*WHAT NEEDS TO BE DONE*: Reproduce verbatim all of the data given below, but do not carry over the images.

*DATASET EXTRACT*:
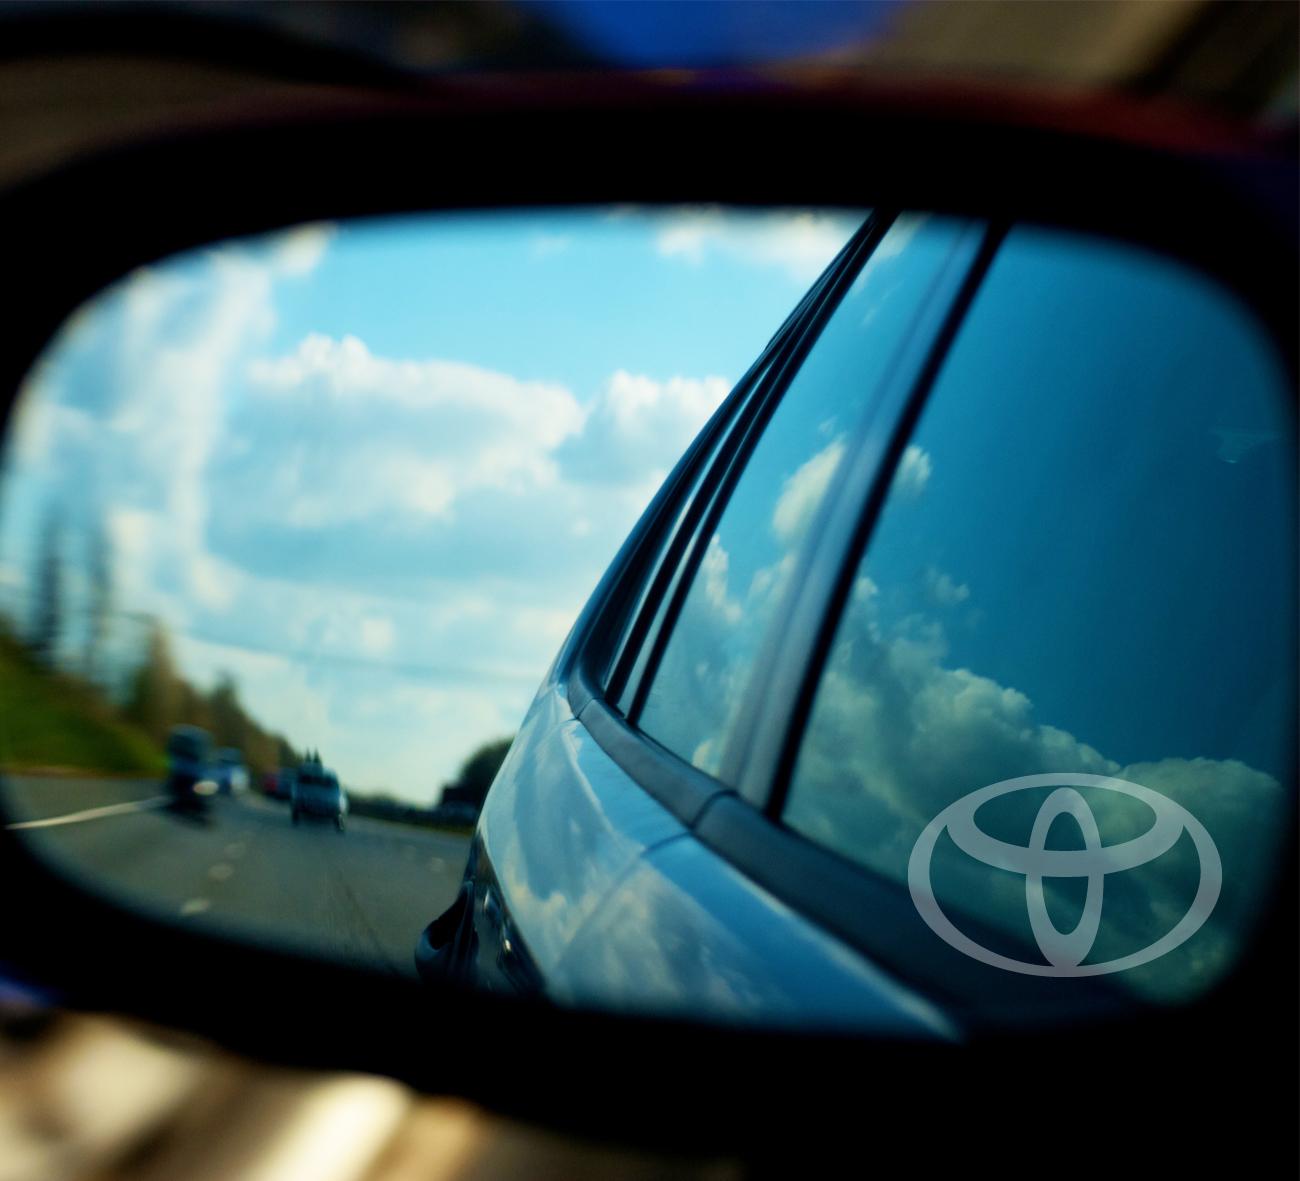 TOYOTA WING MIRROR ETCHED GLASS CAR VINYL DECALS-STICKERS x3-7 YR VINYL-BODY MOD
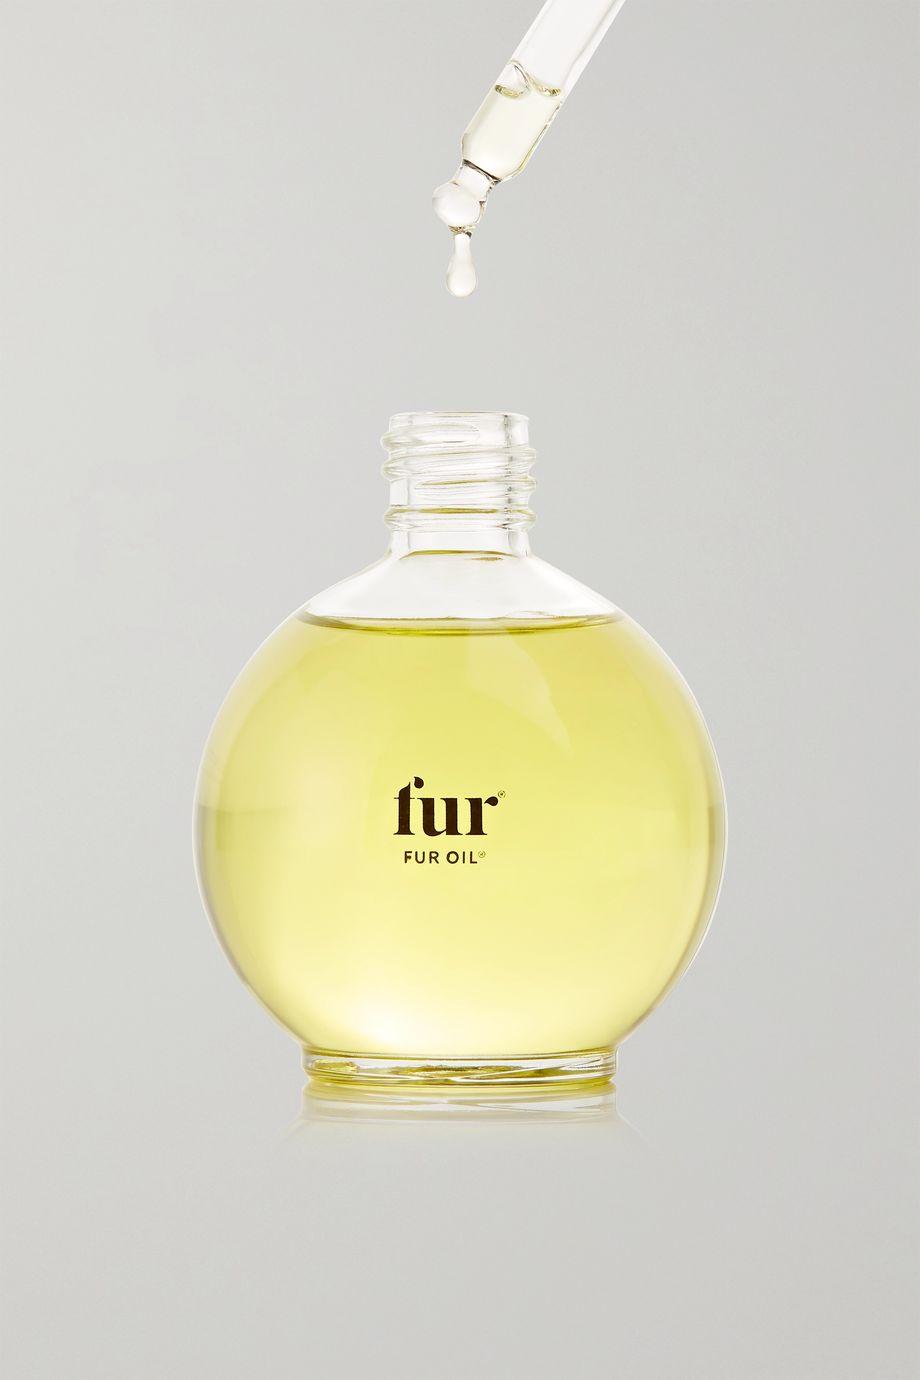 FUR Fur Oil, 75ml
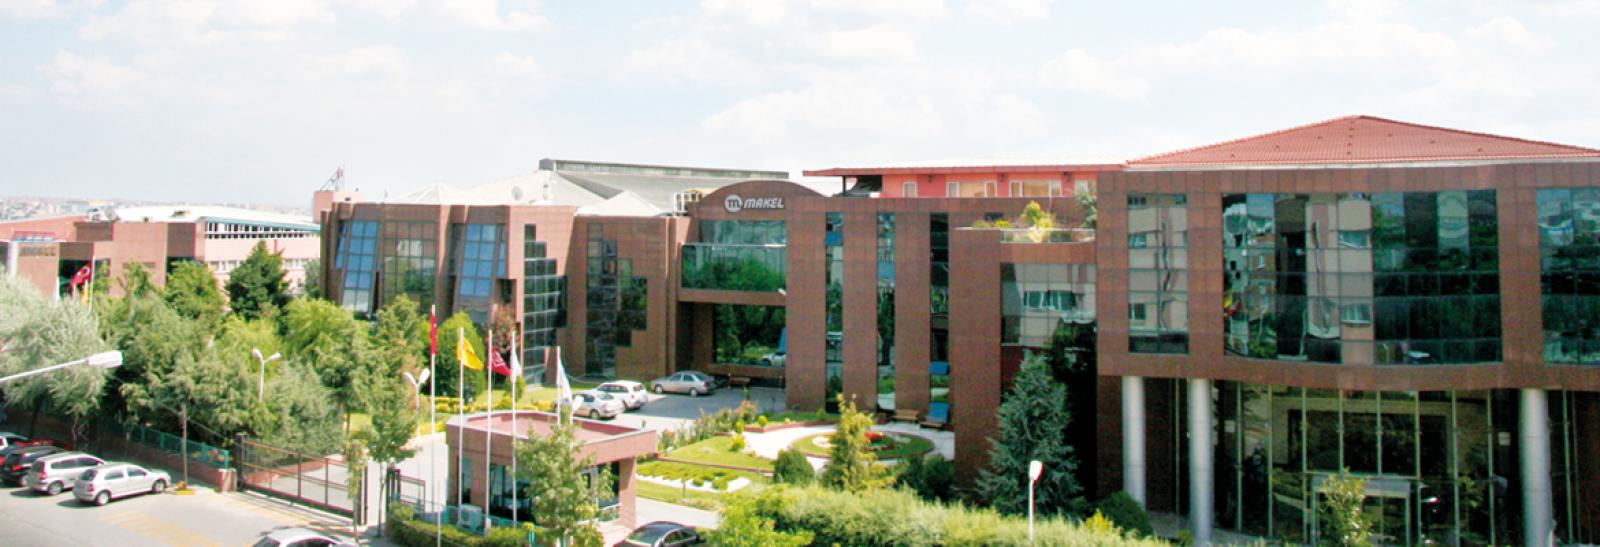 Makel Fabrikası
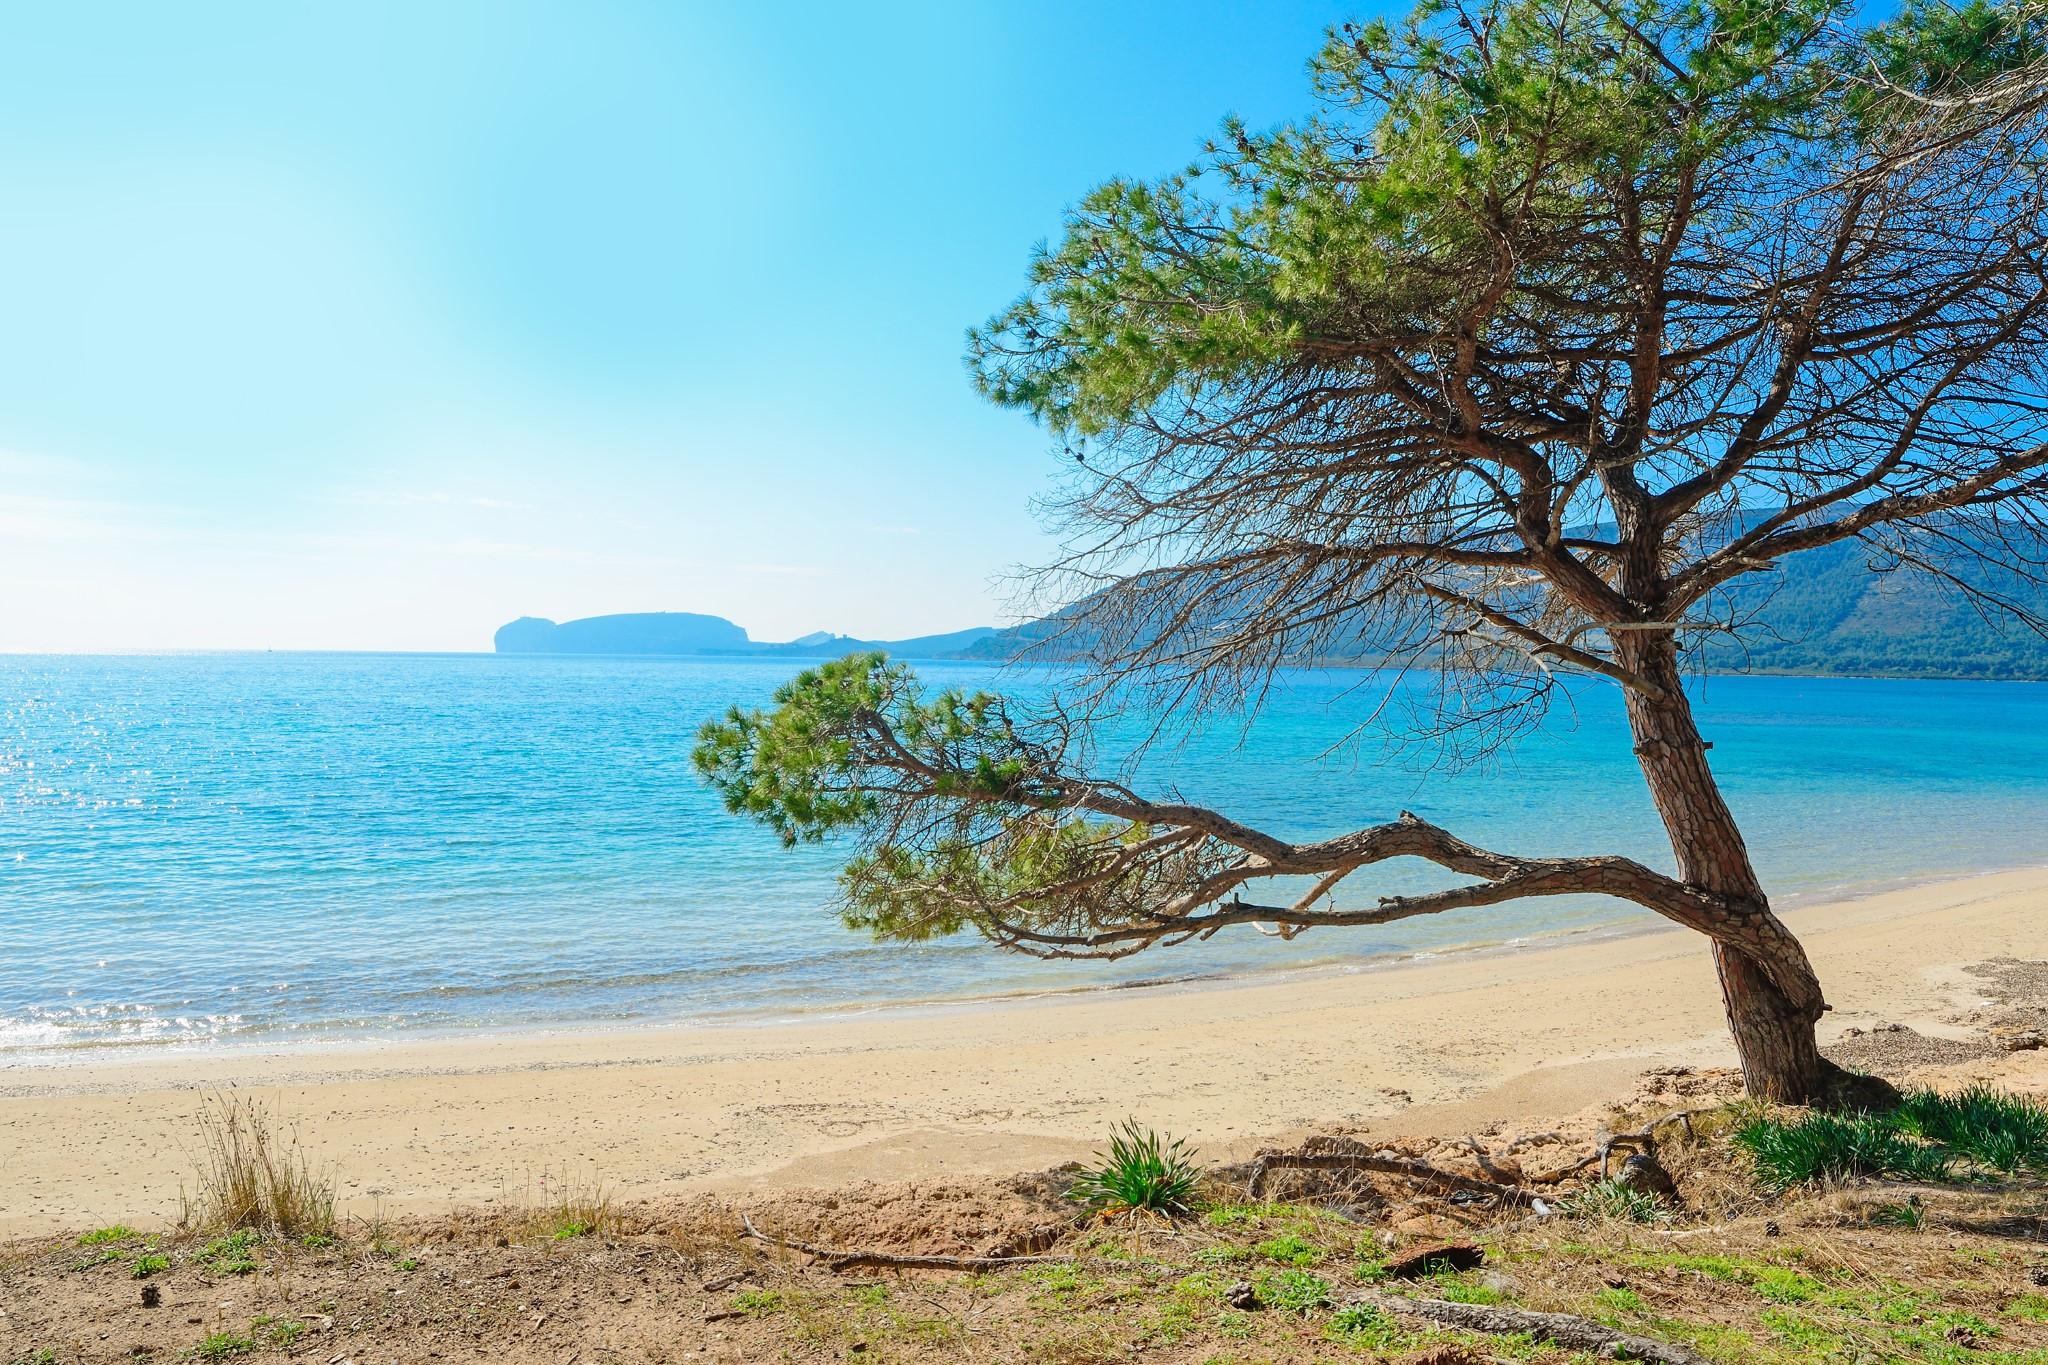 pine tree by the sea in Mugoni beach, Sardinia

*RESULT OF THIS EXERCISE*:
 TOYOTA WING MIRROR ETCHED GLASS CAR VINYL DECALS-STICKERS x3-7 YR VINYL-BODY MOD
 FUR Fur Oil, 75ml
 Makel Fabrikası
 pine tree by the sea in Mugoni beach, Sardinia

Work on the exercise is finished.